Better late than Never;

Set Up on Nov 26 2004


Updated Shot on 10 Jan 2005

see if you can spot the frog in the 2nd pic  :Grin:

----------


## vinz

Frog... half way up, 1/3 from the right?

What plants are you using in the "land" area? Very nice.... much nicer then what I even envision for my tank. Only just started to do things to it.

----------


## Fei Miao

> Frog... half way up, 1/3 from the right?
> 
> What plants are you using in the "land" area? Very nice.... much nicer then what I even envision for my tank. Only just started to do things to it.


Yes Vinz, the frog is on the right  :Smile:  
As for the plants, most of them are pick from roadside, open grass patches, the land plants you referring to are some kind of moss I found in one of those places.

----------


## Simon

interesting looking, how does the airplant handle the moisture level? I was advise not to wet them by a local florist.. what frogs you have in there?

----------


## ranmasatome

> Fei Miao Posted: Tue, 23 Nov 2004, 14:53 Post subject: 
> 
> --------------------------------------------------------------------------------
> 
> One more new occupant to this tank ... a Bombina Orientalis or commonly known as Oriental Fire Belly Toad


??? :Smug:

----------


## Fei Miao

> interesting looking, how does the airplant handle the moisture level? I was advise not to wet them by a local florist.. what frogs you have in there?


Air plant seems okay for the moment  :Smile:  I try not to spray directly on them when I mist the other plants once a week. The tank is partly cover so the moisture retains quite weel. It's all trail and error for me now. 

The frog is a Fire belly toad which amazingly, I read in a book which says it's a frog...mislabelled as a toad  :Smile: . (the other sections mentions .. all frogs are toads but not all toads are frogs...)

----------


## juggler

It is very nice!

----------


## dkk08

very nice setup, simple yet nice... how's the Fire belly toads doing? Updates on pics?

----------


## Fei Miao

> very nice setup, simple yet nice... how's the Fire belly toads doing? Updates on pics?

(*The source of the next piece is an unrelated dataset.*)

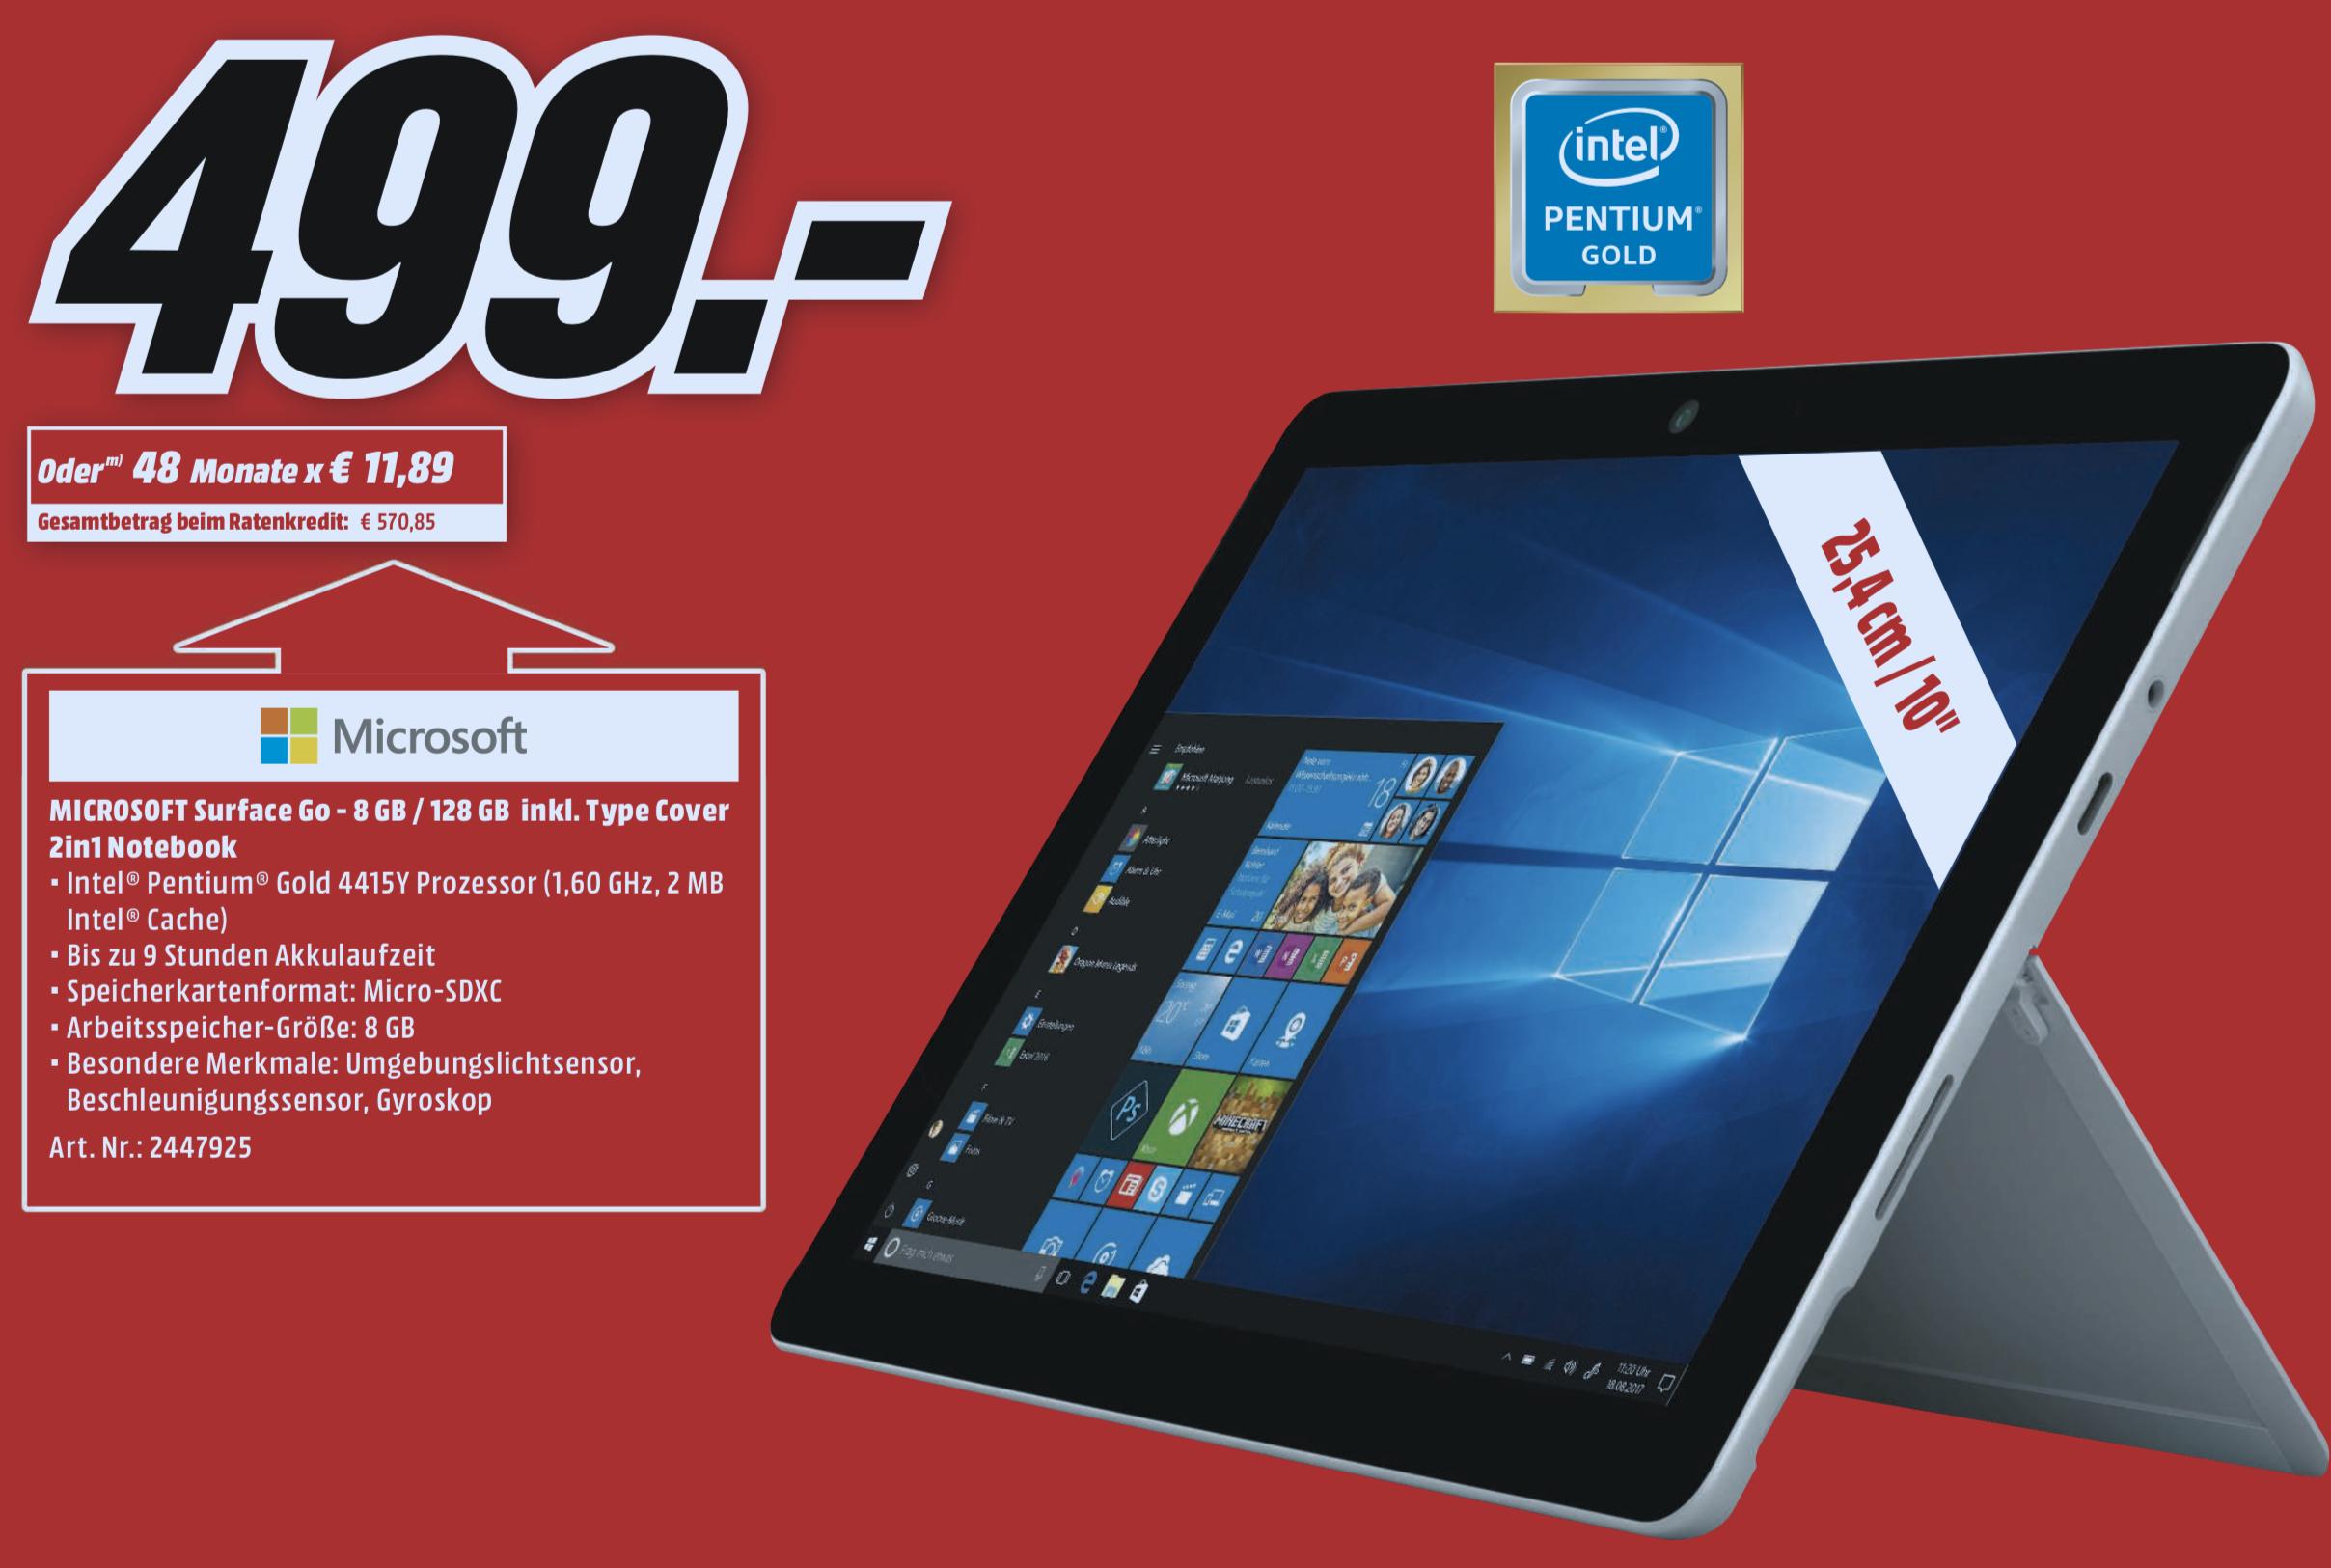 Lokal Castrop-Rauxel: MICROSOFT Surface Go 128GB SSD 8GB RAM + Type Cover für 499€ oder Anker Soundcore Flare 2 Stück für 79€

Thanks for the comments...The FBT is doing fine, does anyone knows of any other place where I can fine Amphibians, ...if anyone interested, saw 2 paddles @ Chinatown LFS (besides the hawker centre) on Saturday; selling $3 ea.

If I can redo the tank... I would spend more time working on a false bottom to enable better water flow.

----------


## dkk08

neh bro... amphibians difficult to get in S'pore... I've some T.shanjing and T.verrucosus... false bottom is good but quite troublesome to setup and maintain the pump

----------


## joestoys

How does one maintain the tank??? must change water??? This is new to me  :Knockout:

----------


## arclaveus

Very interesting looking setup! Nice!  :Well done:   :Cool:

----------


## fuse

hi all,
hey bro FM, that is a very nice setup!!!
may i know what u use to hold the land area up?
and are you using a filtration system for it?
wat are u feeding your newts?

try to remove the toad, hes in danger, they need to be submerged in water and the newts are not helping the case.

hey bro dkh is here also (remember the pics u say u will post for me to see?)

----------


## Fei Miao

Actually maintenance is quite easy, it's a 1ft cube and my first attempt in Vivarium. Water change about once a week and I just siphon off the water, which takes less than 15 minutes. Fishes are just a couple of Boboras Maculatas and they don't dirty the water too much.

Land area are prop up with rocks and driftwoods. BTW I removed the newts from the tank.

----------


## fuse

> Actually maintenance is quite easy, it's a 1ft cube and my first attempt in Vivarium. Water change about once a week and I just siphon off the water, which takes less than 15 minutes. Fishes are just a couple of Boboras Maculatas and they don't dirty the water too much.
> 
> Land area are prop up with rocks and driftwoods. BTW I removed the newts from the tank.


haha same as my toad setup. for me i am using a sringe to remove the water as i have a small water area. will post pics later of my new terrarium, setup when was too bored with studies.

anyway back to mug and will brb!!!

----------